シリーズ「極地からのメッセージ」第4回
- 2015.12.30
- 第4回 メルマガ
- シリーズ「極地からのメッセージ」
白瀬中尉の見果てぬ南極の夢を追って
夢を追う男 阿部 雅龍
浅草で人力車をひく(2015年11月) |
大和雪原を踏んで南極点まで単独徒歩で到達する。その夢を抱いたのは、幼い頃からの白瀬中尉への憧憬があるからに違いありません。
白瀬中尉を初めて知ったのは僕が10歳の時。「未知の世界を開いた探検(金の星社)」という学習漫画からです。学校推薦図書の購入用紙が小学生達に配られていました。用紙に欲しい本を記入すれば購入できて届くという仕組みです。僕が購入をせがんだのか、母が買い与えたのかは記憶にありません。
届いた本を読み、大航海時代の英雄たちや桜蘭発見のスヴェン・ヘディンの冒険譚に不思議とわいてくる興奮を抑えられなかったのを覚えています。本の中にはアムンゼンとスコットの南極点の争奪戦もあり、その中の一枚の写真に目が釘付けになりました。それは、白瀬中尉が旭日旗を大和雪原に立てている”あの”写真でした。僕にはうなだれているように見えました。写真の後のマンガの一コマに、我々日本人は状況の厳しい中で最善を尽くしたんだ、と涙を流しながら言う白瀬中尉の姿が印象的でした。
世紀の南極点争奪戦に日本人が加わっていた事、それが僕と同じ秋田県民である事に、驚きました。困難に対して克己心を持ち、知恵と勇気で立ち向かう。
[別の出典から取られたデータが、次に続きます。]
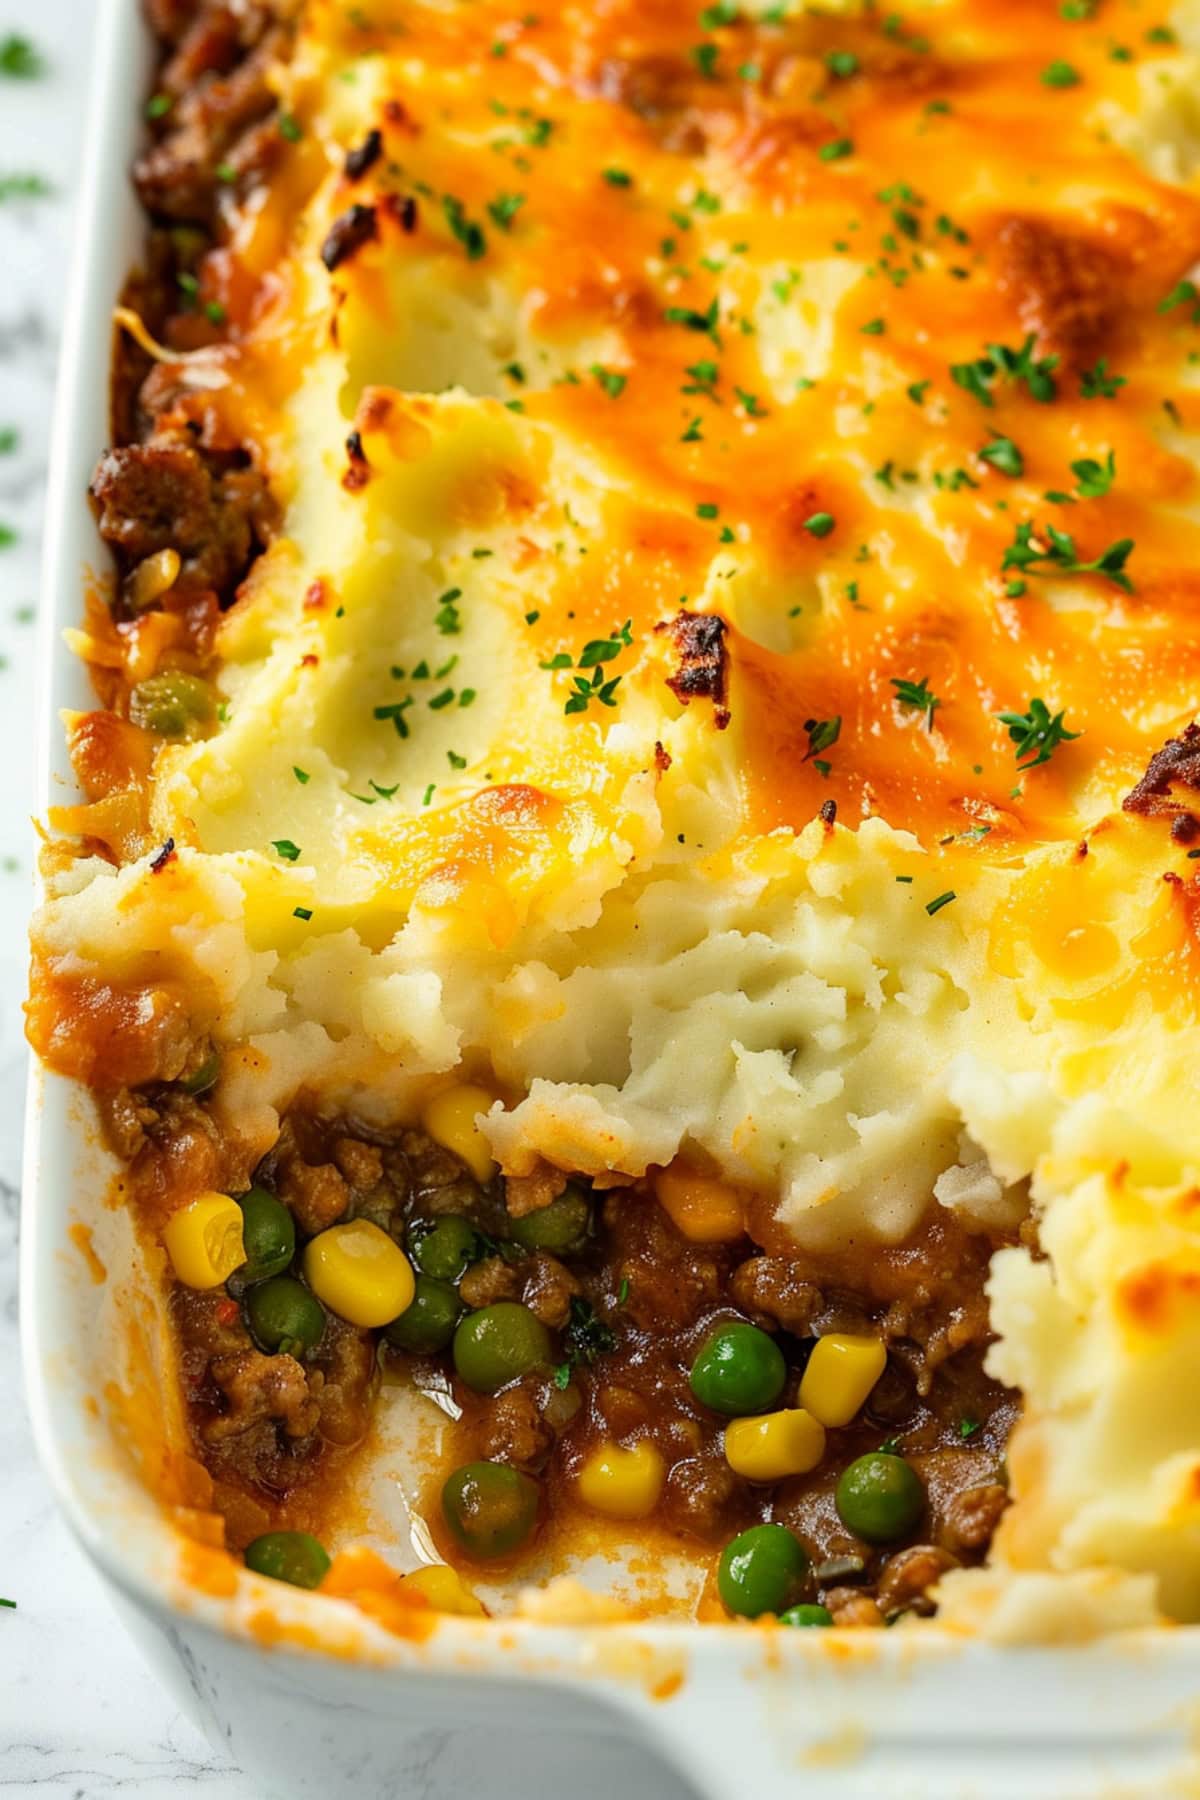 Shepherd's pie in a baking dish with a portion scooped out
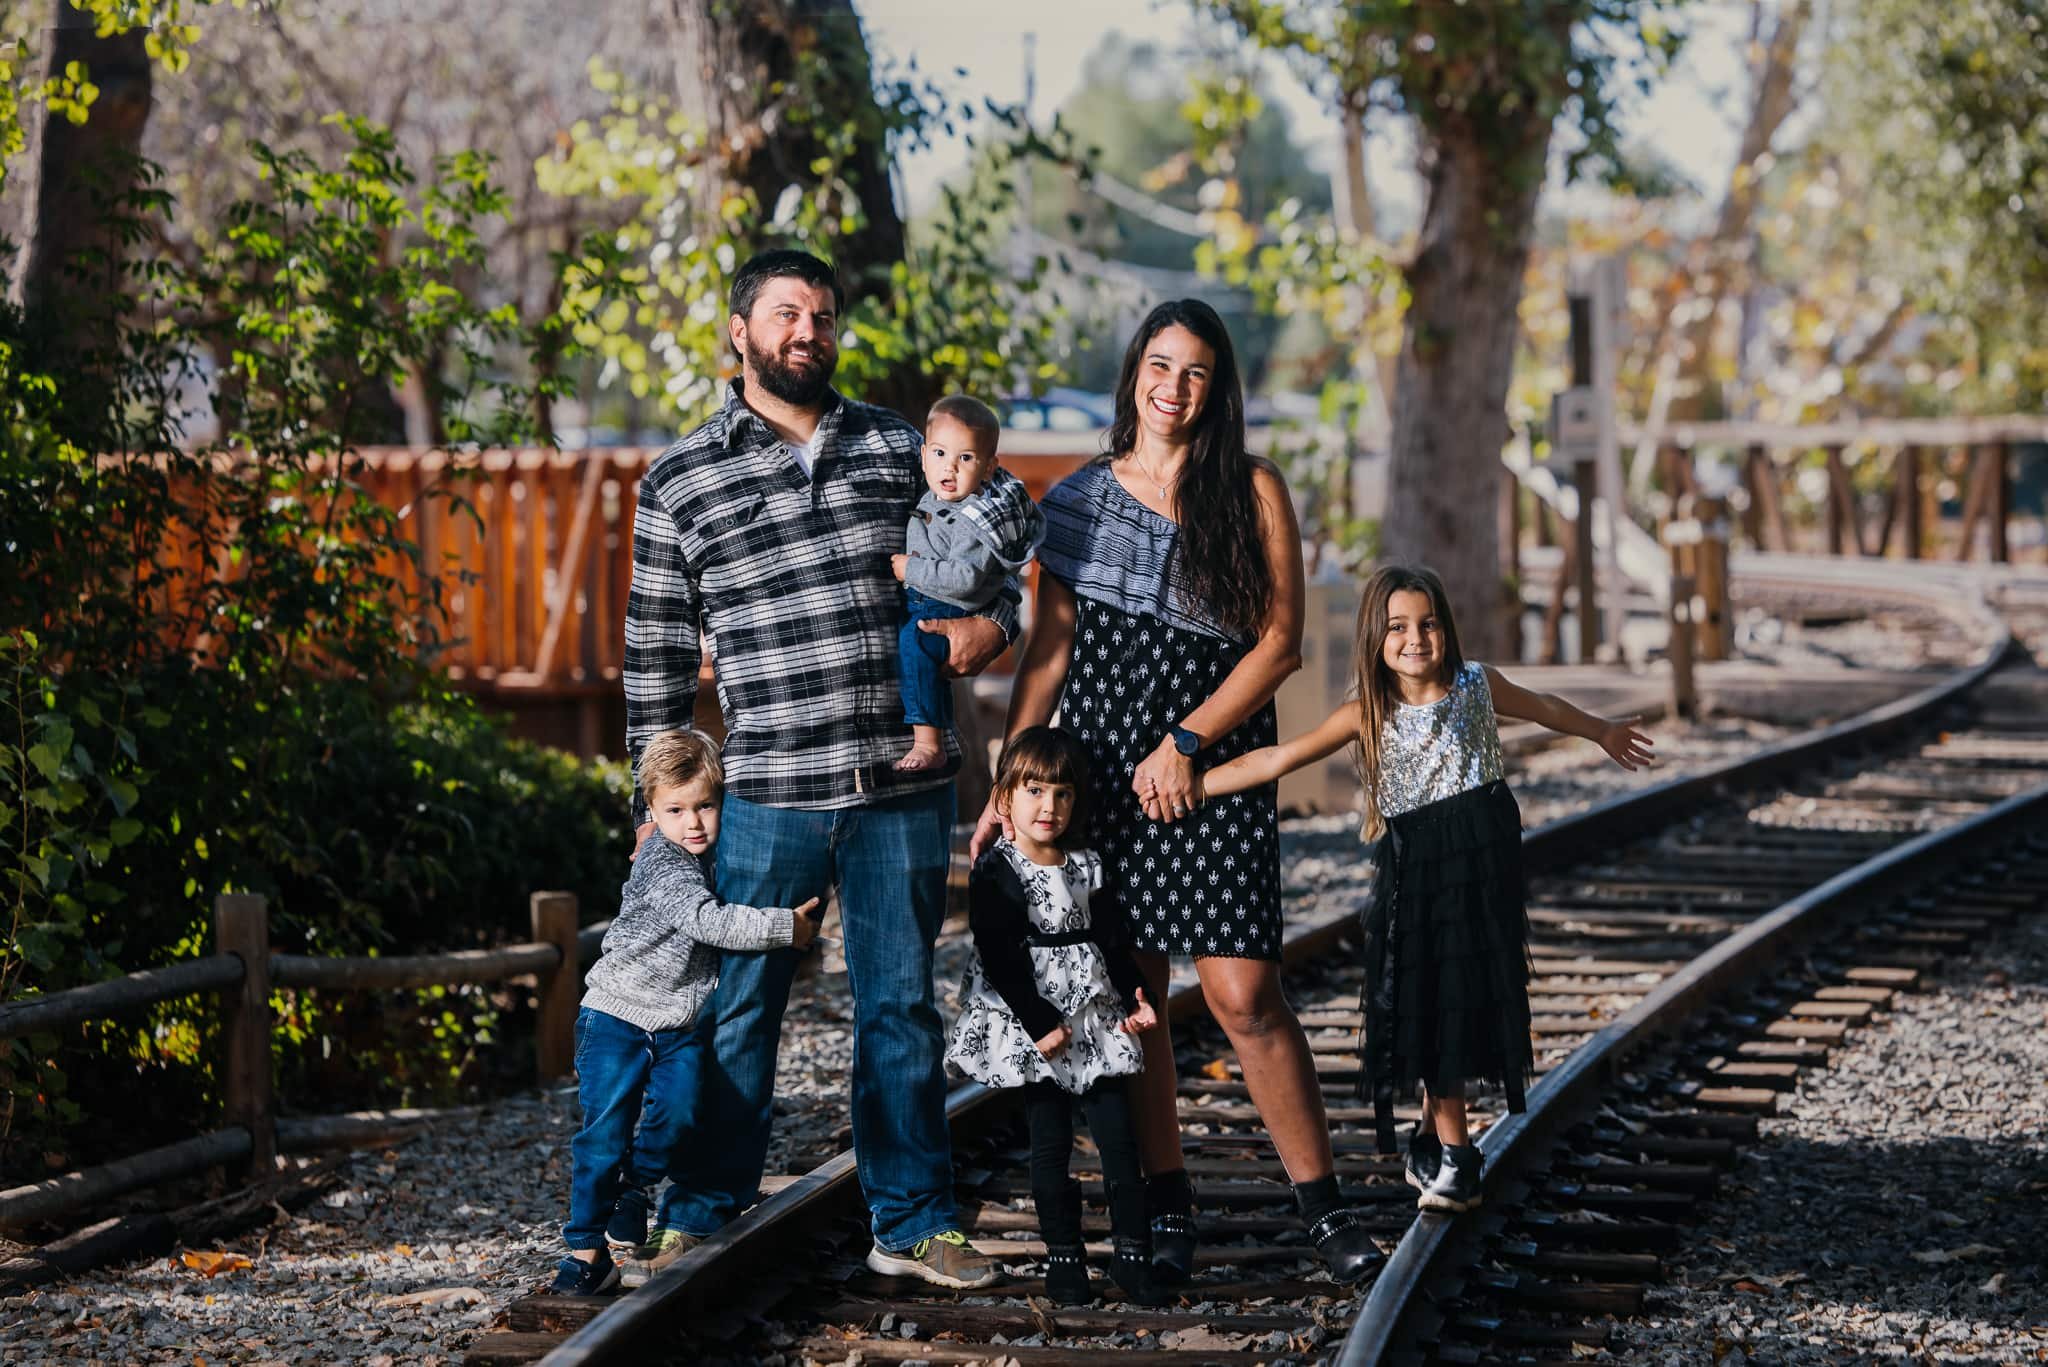 Old Poway Park | Southern California Family Portrait Photo Session-46.jpg

本で読んだ探検家・冒険家の姿は子供の僕にとってヒーローでした。こんな風な生き方をしてみたい。素直に子供心にそう感じる。でも、現実の小学生の頃の僕は運動もできないし身体も弱く、先生がクラスの皆に「自由に班を作りなさい」と言ったら、誰も班に入れてくれなくて1人だけ溢れてしまう。そんな子供で、とても冒険をしようなんて思えませんでした。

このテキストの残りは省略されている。